L'abbraccio nell'isba

Quando eravamo sul fronte russo, la Julia si era assestata sul Don, dove avevamo costruito trincee e ripari per proteggerci dai due pericolosi nemici: l'esercito sovietico e l'inverno russo. Verso la fine del 1942 la divisione fu spostata da lì per arginare una falla che i russi avevano aperto nello schieramento italiano. Nella nuova sistemazione abbiamo dovuto operare in condizioni estreme, senza poter provvedere a costruire pur minimi rifugi. Non avendo potuto predisporre trincee e altri ripari dal freddo, ci insediammo nelle isbe del luogo, con l'ordine di allontanare i civili russi dalle loro abitazioni, anche per non coinvolgerli nei combattimenti.
L'isba che assegnarono a me e alla mia squadra era abitata da una giovane signora con due bellissimi bambini. Questa donna non volle saperne di andarsene, dicendo che voleva restare nella sua casa in attesa del marito, che altrimenti non l'avrebbe trovata. Così rimase con noi. La trattammo sempre con molto rispetto: lei e i bambini dormivano nel loro letto, mentre noi ci sistemavamo per la notte come potevamo, anche sul pavimento. Con questa famigliola dividevamo i pasti, mettendo in comune tutto quello che avevamo, da entrambe le parti.

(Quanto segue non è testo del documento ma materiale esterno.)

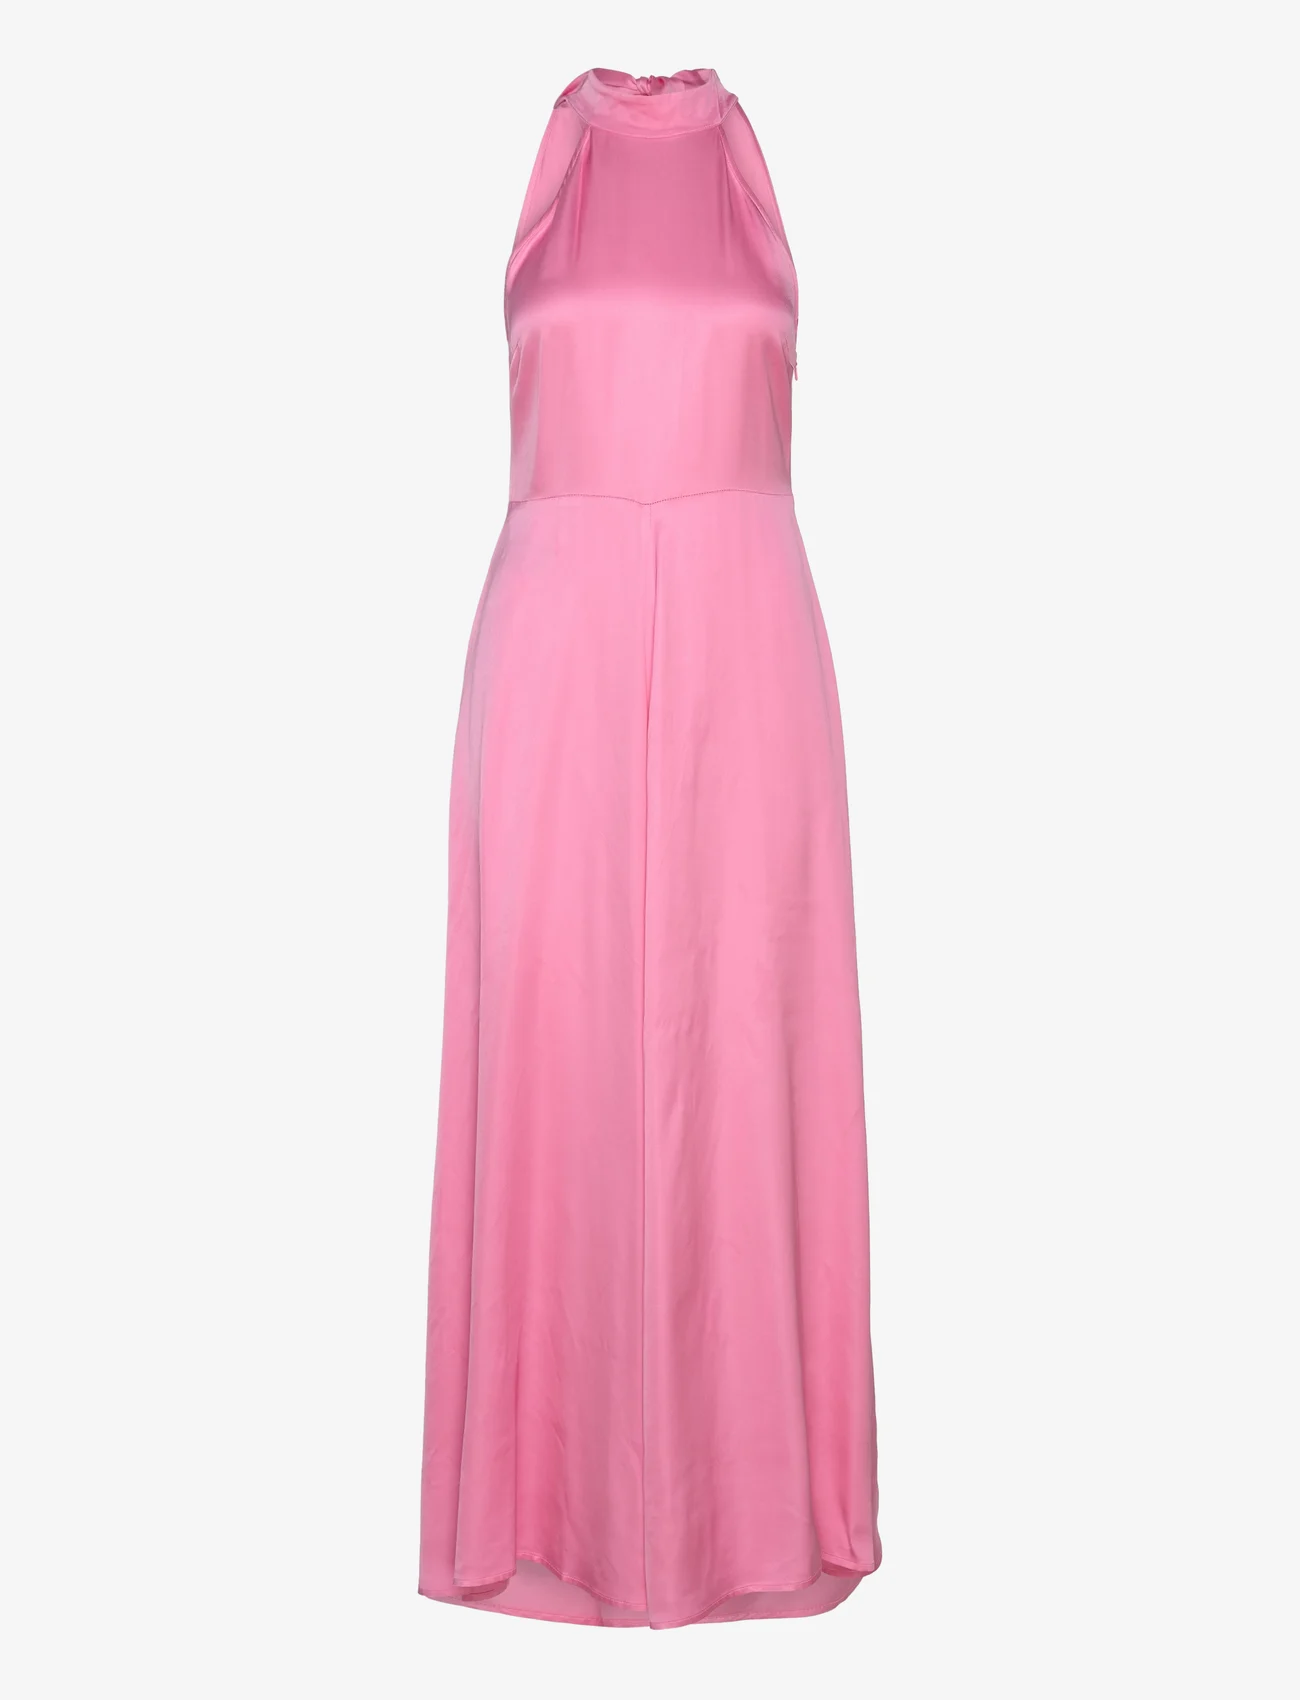 Selected Femme - SLFREGINA HALTERNECK ANKLE DRESS B - odzież imprezowa w cenach outletowych - rosebloom - 0

Quando qualcuno di noi leggeva la posta arrivata dall'Italia, lei piangeva e ci diceva che eravamo fortunati ad avere notizie dei nostri familiari, mentre lei erano circa due anni che non aveva notizie del marito, che forse era morto o prigioniero da qualche parte.
Un giorno arrivò nell'isba un russo, e capimmo che era il marito, finalmente ritornato a casa. Potete immaginare la felicità di quella famiglia. Dopo i baci e gli abbracci, marito e moglie parlarono a lungo tra loro, e capimmo che stavano parlando principalmente di noi.
La nostra squadra era comandata da un sergente, ma all'interno dell'isba ero io ad essere considerato il capo. Mentre i due russi parlavano tra di loro, ogni tanto mi additavano. Un mio compagno, un po' preoccupato, mi disse:
«Attento, Bepi, che quell'uomo ce l'ha con te, e magari vuoi farti del male».
Infatti, ad un certo momento, l'uomo si avvicinò a me, ma fu per abbracciarmi e dimostrarmi così la sua gratitudine per l'umanità con cui avevamo trattato i suoi familiari.